É por isso que, para crianças, o tempo passa mais devagar: seu mundo é feito de novidades. Ambientes novos esticam o tempo por conta de sua pouca familiaridade. Já a absorção em atividades contrairia o tempo porque nossa atenção fica bastante direcionada e a mente se aquieta, com poucos pensamentos surgindo, deixando o tempo passar mais rápido.

O tédio, pelo contrário, faria a mente sem foco processar muitos pensamentos, levando a uma passagem mais devagar. Já nas EETs, comuns em acidentes e emergências, o tempo ganha várias ordens de magnitude.

O cientista Steve Taylor, da Universidade de Leeds Beckett, estuda essas ocorrências, e descobriu que até 85% das pessoas tiveram pelo menos uma dessas experiências de expansão temporal. Cerca de metade delas ocorreu em situações emergenciais, surpreendendo o paciente com a quantidade de tempo disponível para agir.

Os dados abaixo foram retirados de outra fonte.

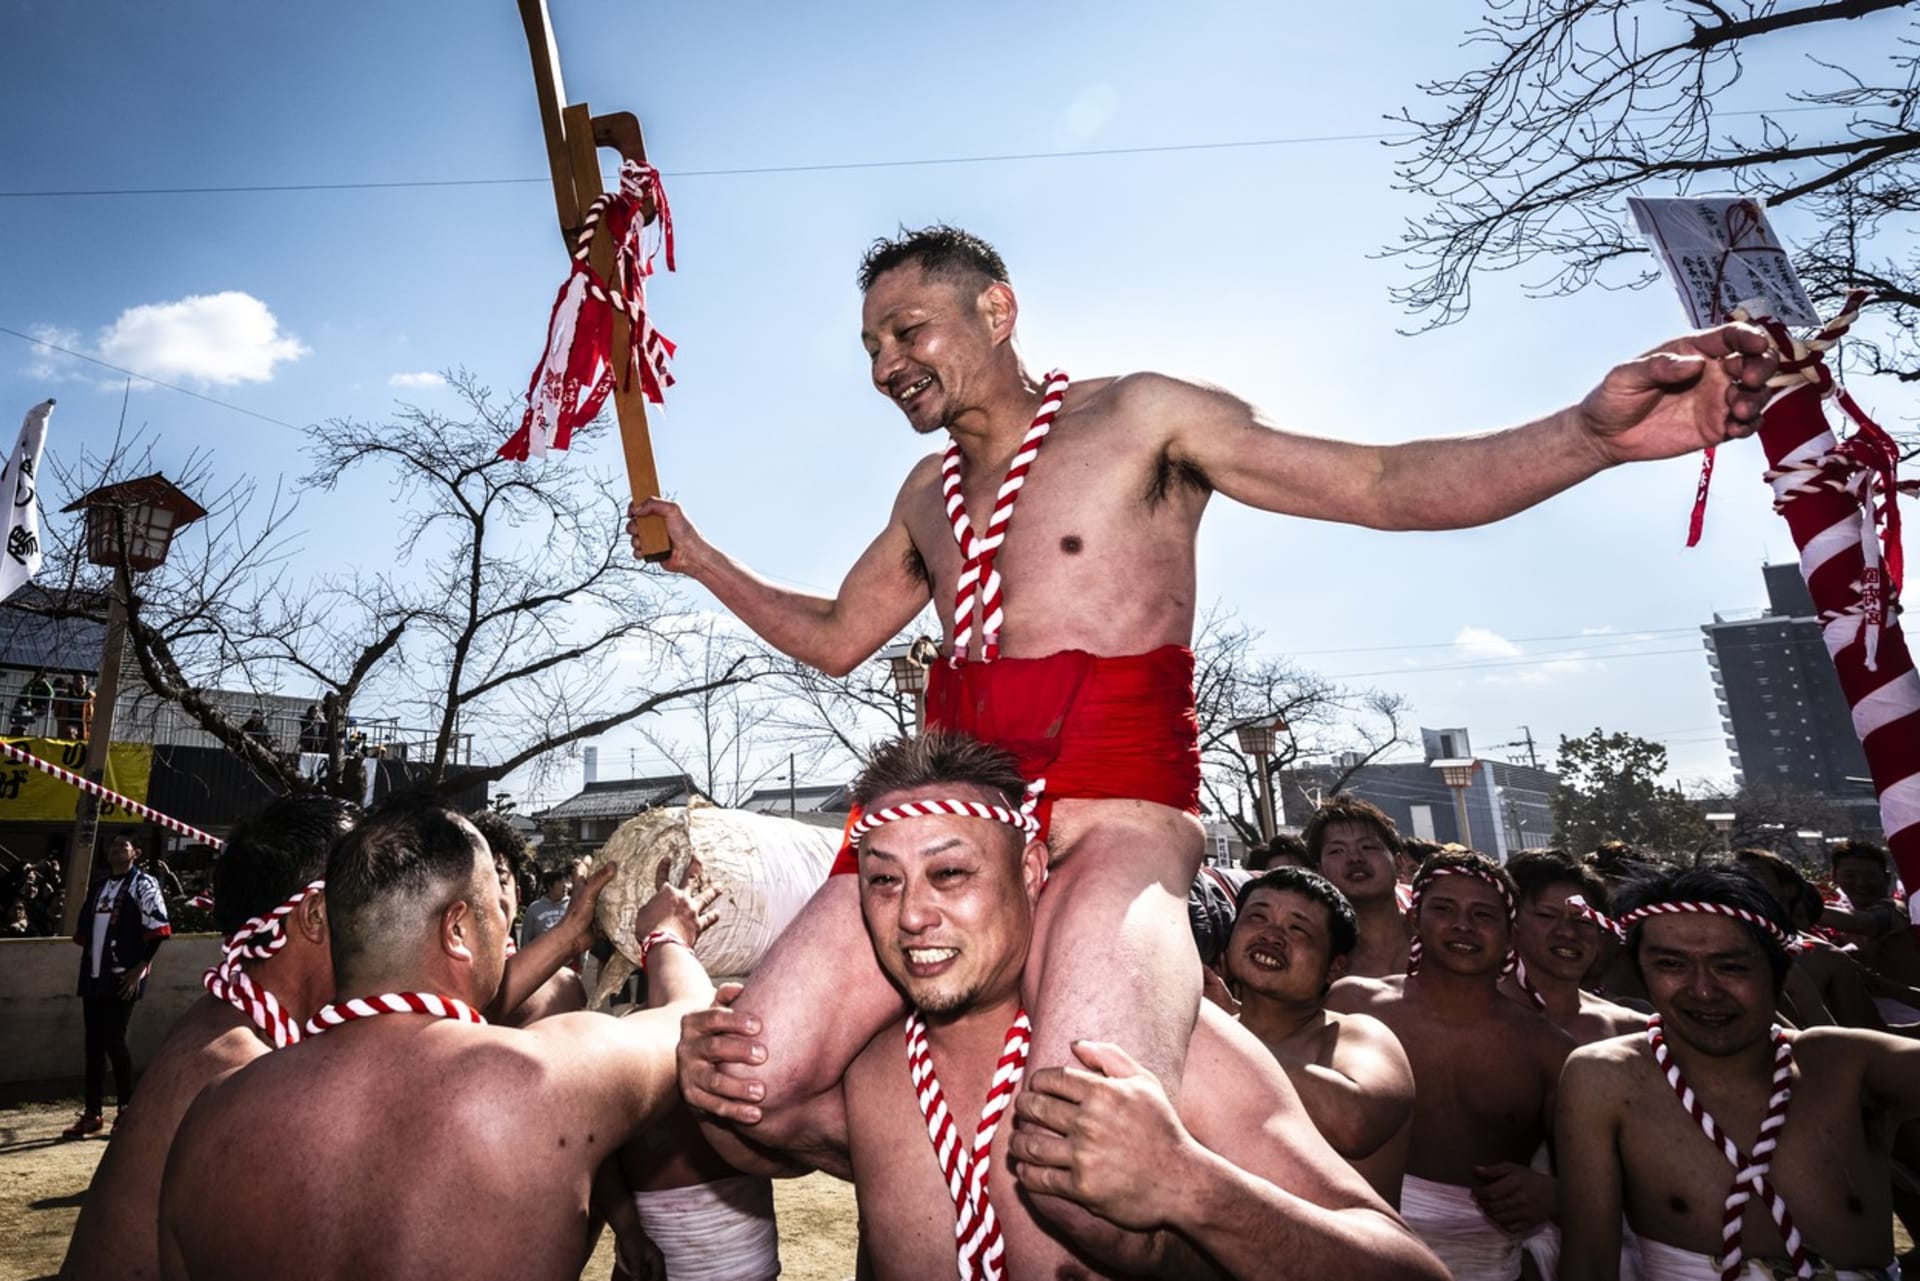 Tisíce mužů na festivalu Hadaka Macuri na sobě mají pouze bederní roušky.

Tais experiências também são comuns no esporte — jogadores de hóquei no gelo reportaram a Taylor terem feito jogadas de oito segundos que pareceram durar dez minutos. Momentos de meditação e presença na natureza, no entanto, também podem gerar EETs. Alguns dos casos mais extremos ocorrem com o uso de substâncias psicodélicas, como LSD ou ayahuasca.

Cerca de 10% das EETs pesquisadas por Taylor estão ligadas a psicodélicos — um homem reportou ao pesquisador que, durante o uso de LSD, ele olhava para seu relógio e os centésimos de segundo pareciam se mover tão devagar quanto um segundo inteiro. O que explica isso?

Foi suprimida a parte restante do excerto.